Ryan Ackroyd, Jake Davis, Mustafa al-Bassam and Ryan Cleary have all pleaded guilty to hacking offences.
Cleary has also pleaded guilty to possession of images showing child abuse, which were found by police on his hard drive.
The men will be sentenced at Southwark Crown Court later this week.
Lulzsec carried out a series of attacks in 2011. Targets included Sony Pictures, video games maker EA, the News International media group and Britain's Serious Organised Crime Agency (Soca).'International notoriety'
Ackroyd, 26, from Mexborough, South Yorkshire, has admitted stealing data from Sony. The former soldier was also responsible for redirecting visitors trying to visit the Sun newspaper's site to a fake story about News Corp chairman Rupert Murdoch committing suicide.
He has pleaded guilty to carrying out an unauthorised act to impair the operation of a computer.
Bassam, 18, from south London, Davis, 20, from Lerwick, Shetland, and Cleary, 21, from Wickford, Essex, all pleaded guilty to two charges - hacking and launching cyber-attacks against organisations including the CIA and Soca.
In addition, Cleary pleaded guilty to a further four charges, including hacking into the US Air Force's computers and possession of indecent images of babies and children.
Prosecutor Sandip Patel said that unlike the others, Cleary was not a core member of Lulzsec although he had wanted to be.
"It's clear from the evidence that they intended to achieve extensive national and international notoriety and publicity," he said.

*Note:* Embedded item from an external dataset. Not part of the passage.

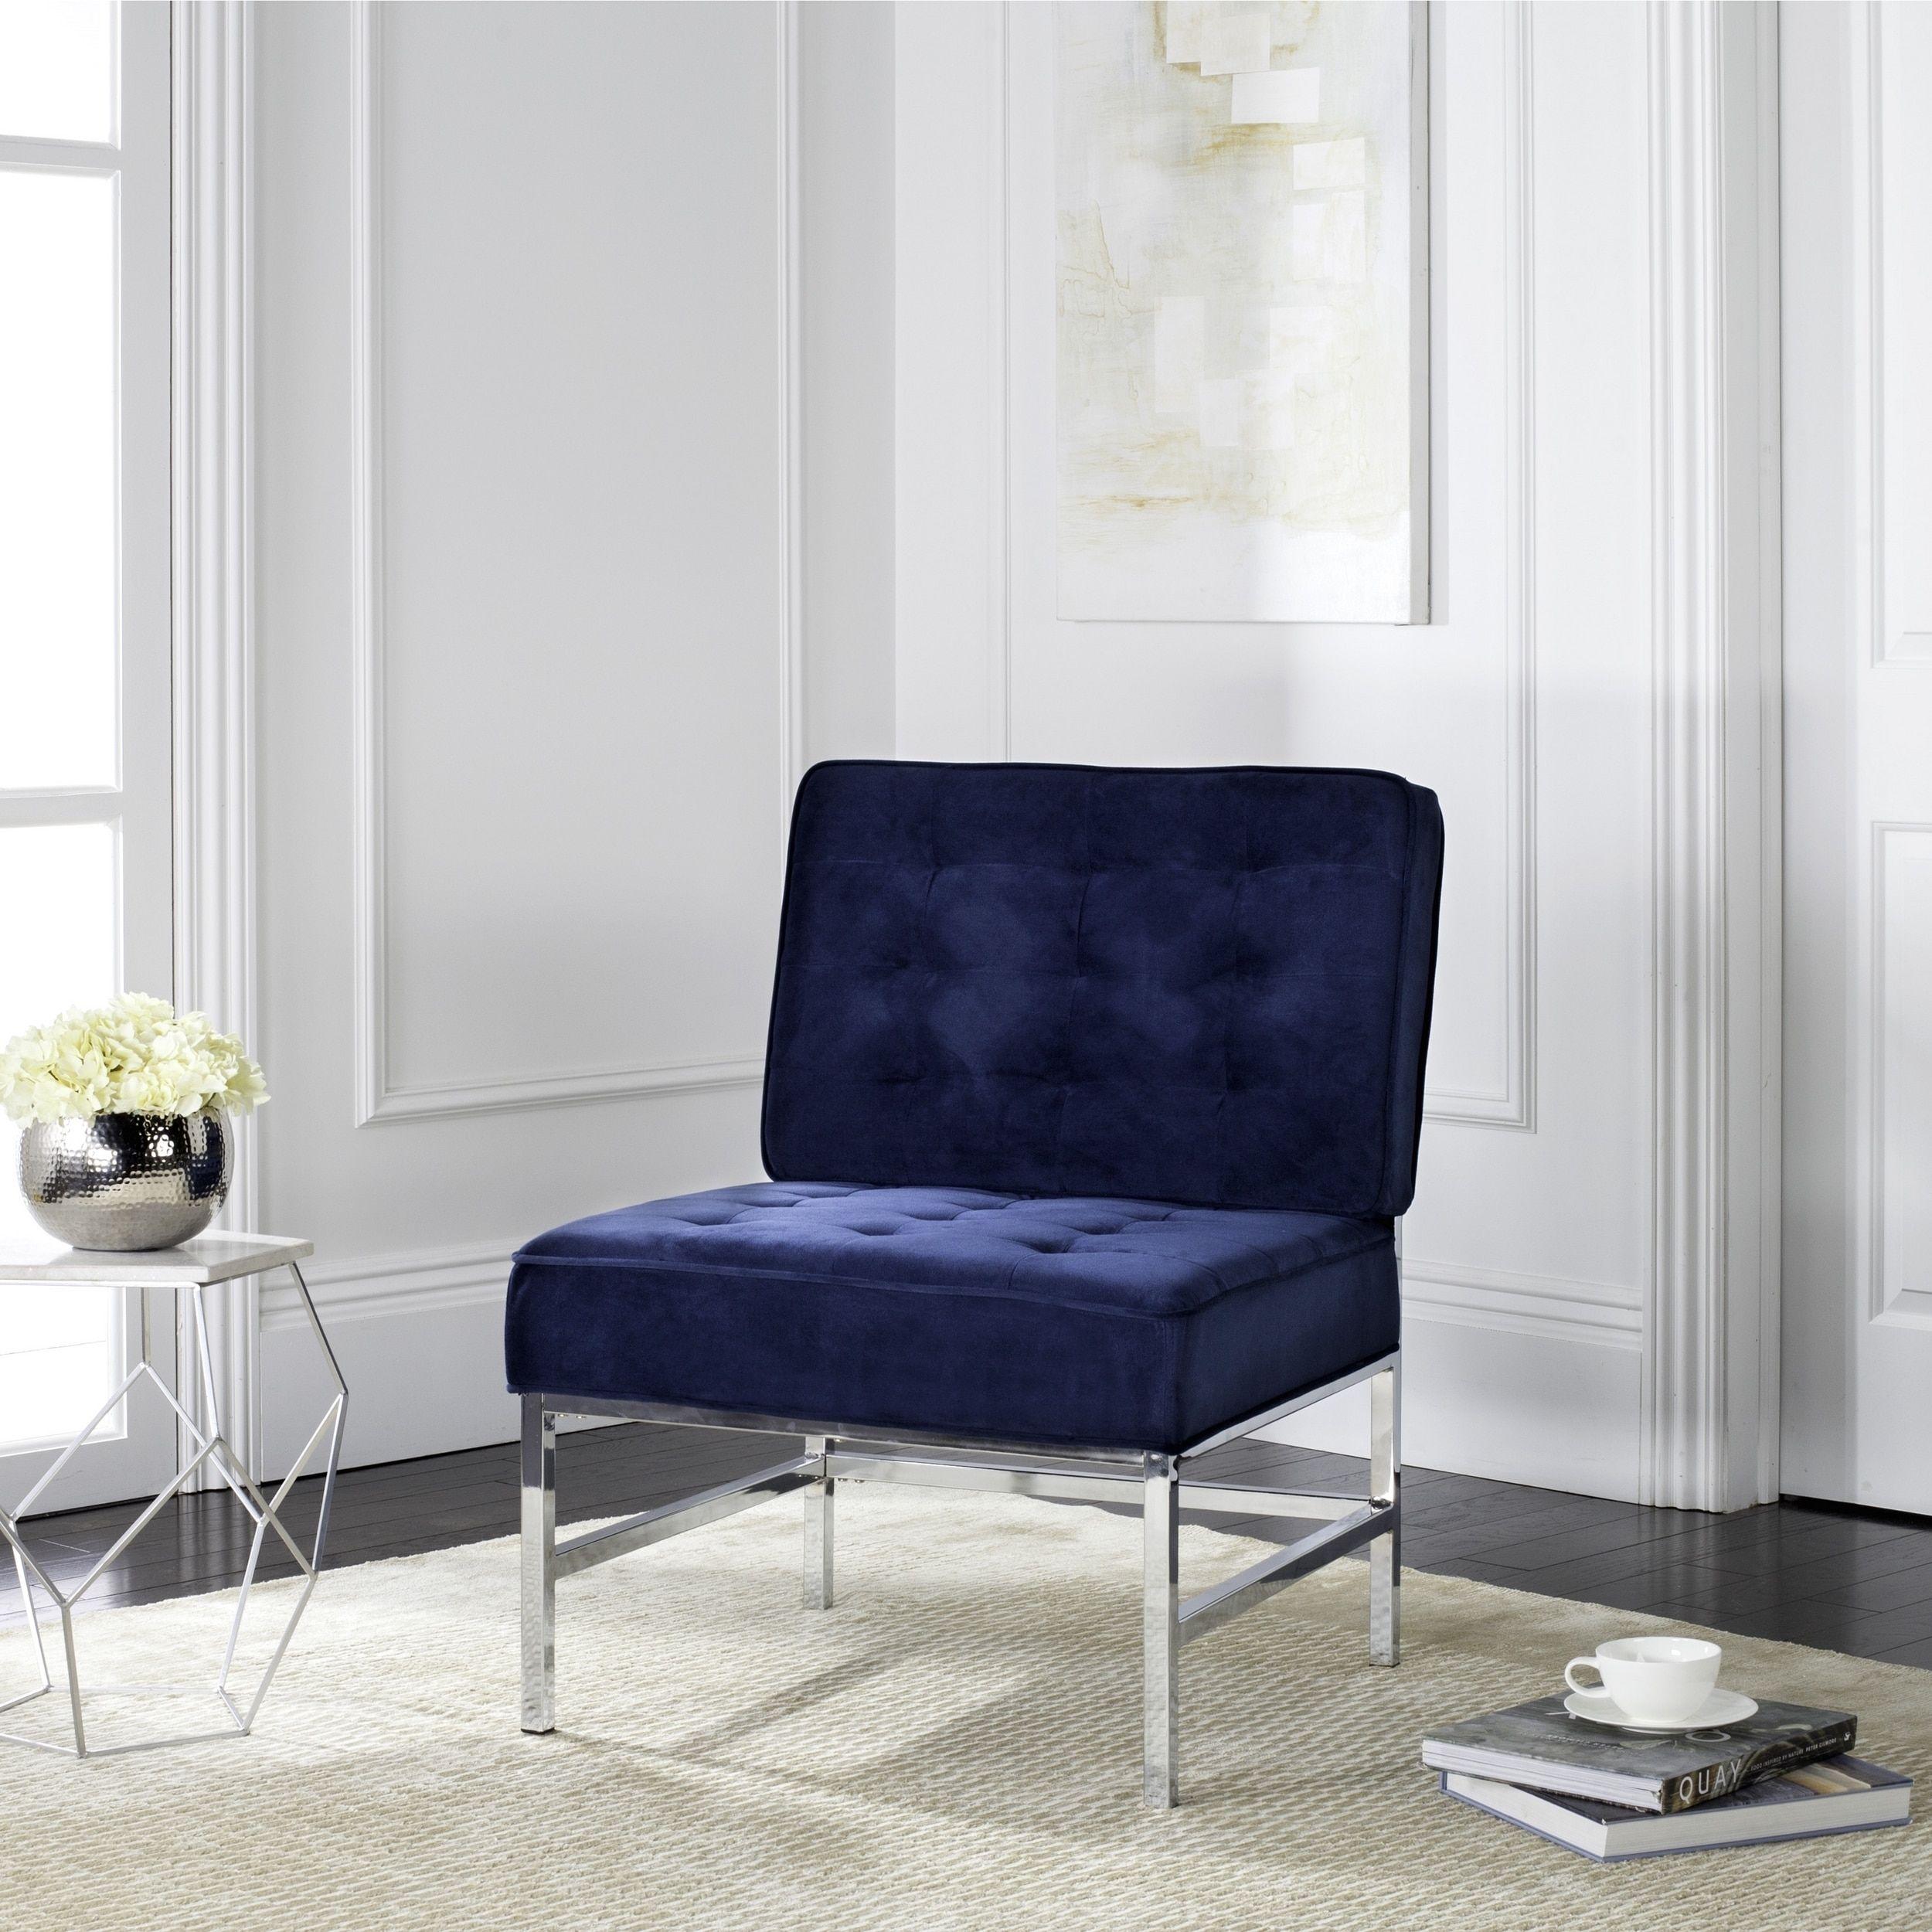 Accent chair modern - Safavieh Mid Century Modern Ansel Tufted Velvet Chrome Navy Accent Chair

"This is not about young immature men messing about. They are at the cutting edge of a contemporary and emerging species of criminal offender known as a cybercriminal."
Judge Deborah Taylor will sentence the men after considering mitigating factors highlighted by their lawyers.

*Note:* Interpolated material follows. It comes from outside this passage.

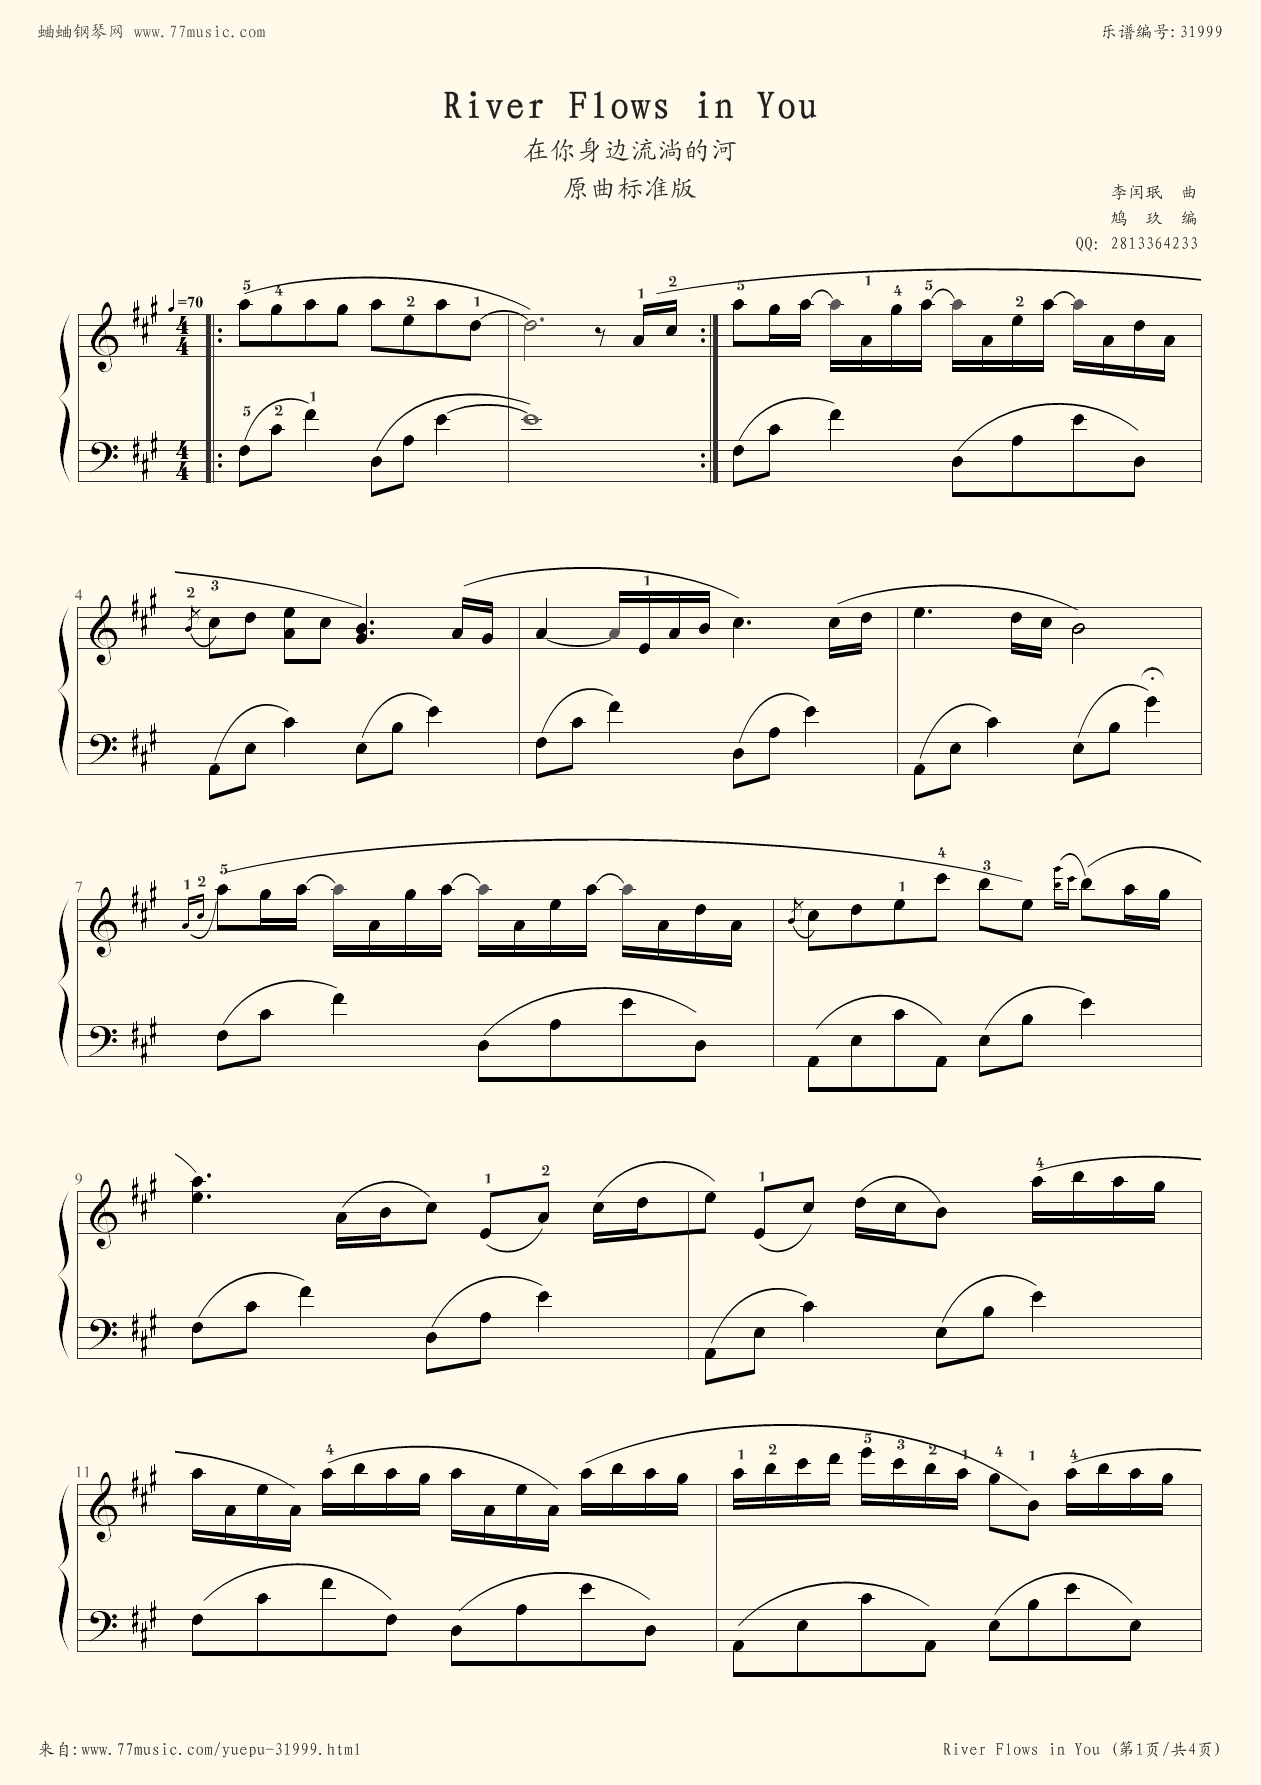 Who is Yiruma Did he write music for Twilight

Cleary's lawyer said his client suffered from Asperger's syndrome, which had been misdiagnosed as attention deficit disorder.Botnet attack
Lulzsec's name is combination of the acronym Lol - meaning laugh out loud - and security.

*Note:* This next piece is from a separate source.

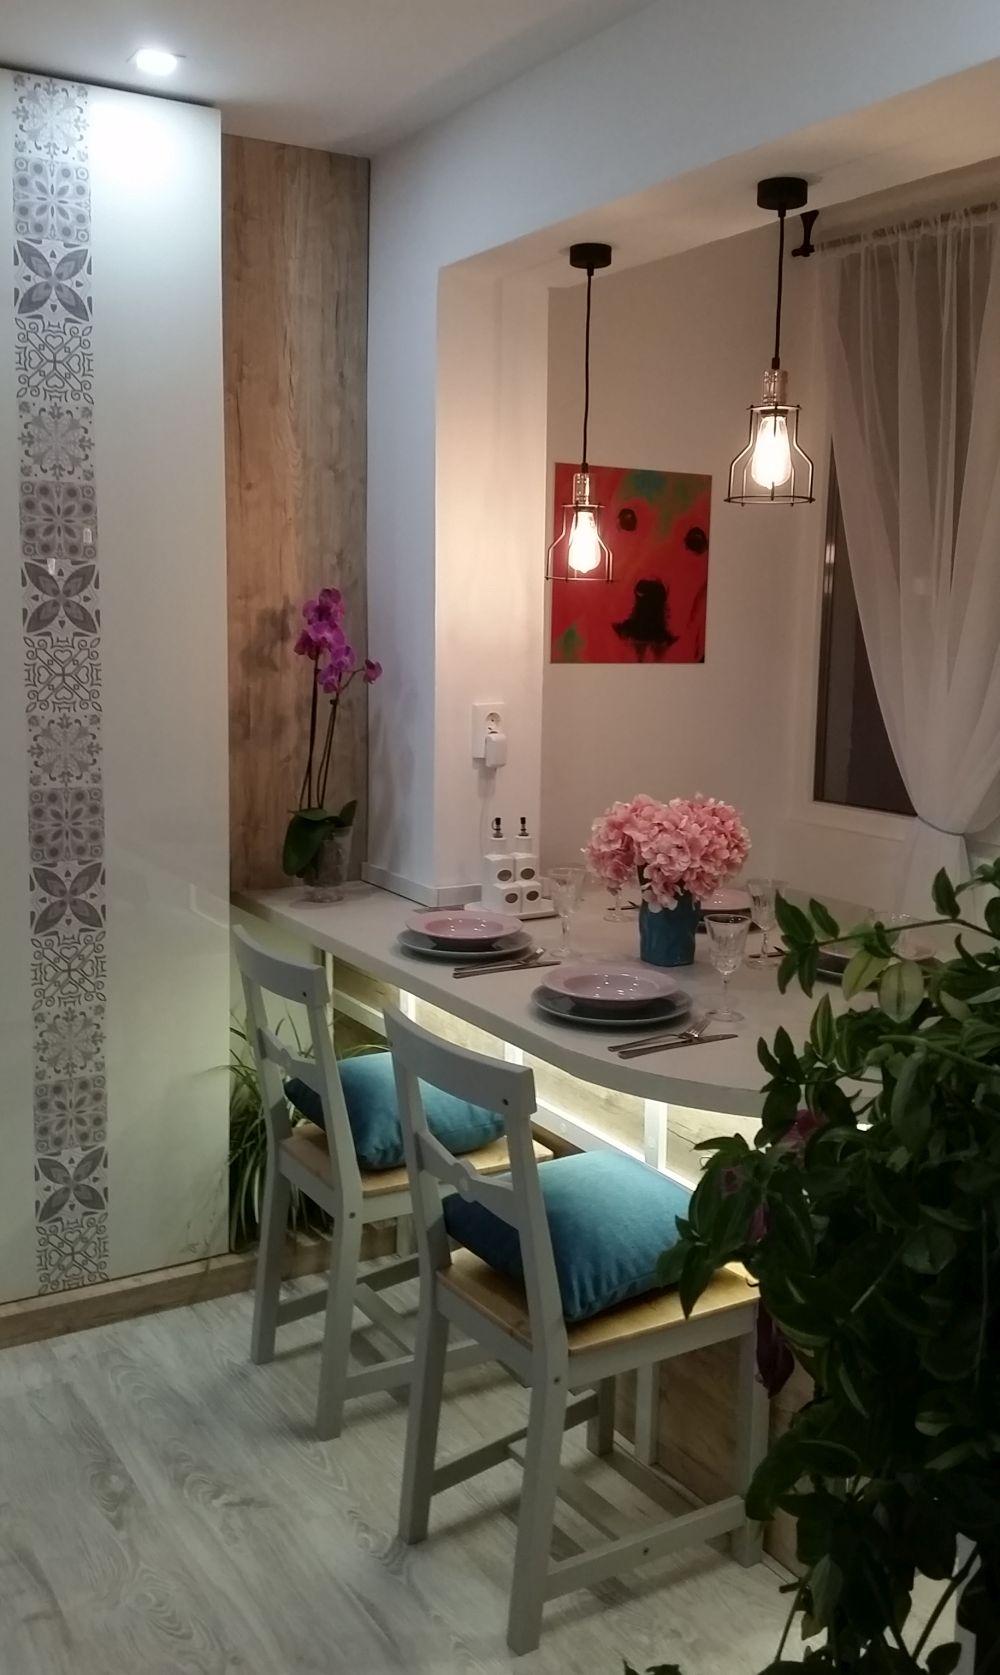 adelaparvu-com-despre-apartamentul-familiei-tudorache-ploiesti-episodul-9-sezonul-3-visuri-la-cheie-foto-adela-parvu-7

It emerged as a splinter-group from the hacking collective Anonymous two years ago.
Mr Patel said the spin-off lacked the "libertarian" political agenda of the larger group. Instead, its stated goal was to laugh at others' flawed security measures "just because we could".
This involved stealing emails, credit card details and passwords from their targets' computer servers and crashing victim's websites with distributed denial of service (DDoS) attacks. This involved flooding organisations' web servers with requests sent from hijacked computers used as part of a botnet.
Lulzsec's original ringleader is alleged to be another man - US-based Hector Monsegur, also known as Sabu. He was arrested in June 2011 and later co-operated with the FBI to help it identify other members of Lulzsec. Monsegur has yet to be sentenced.
A 24-year-old Australian has also been arrested and accused of attacking and defacing a government website as part of Lulzsec's campaign.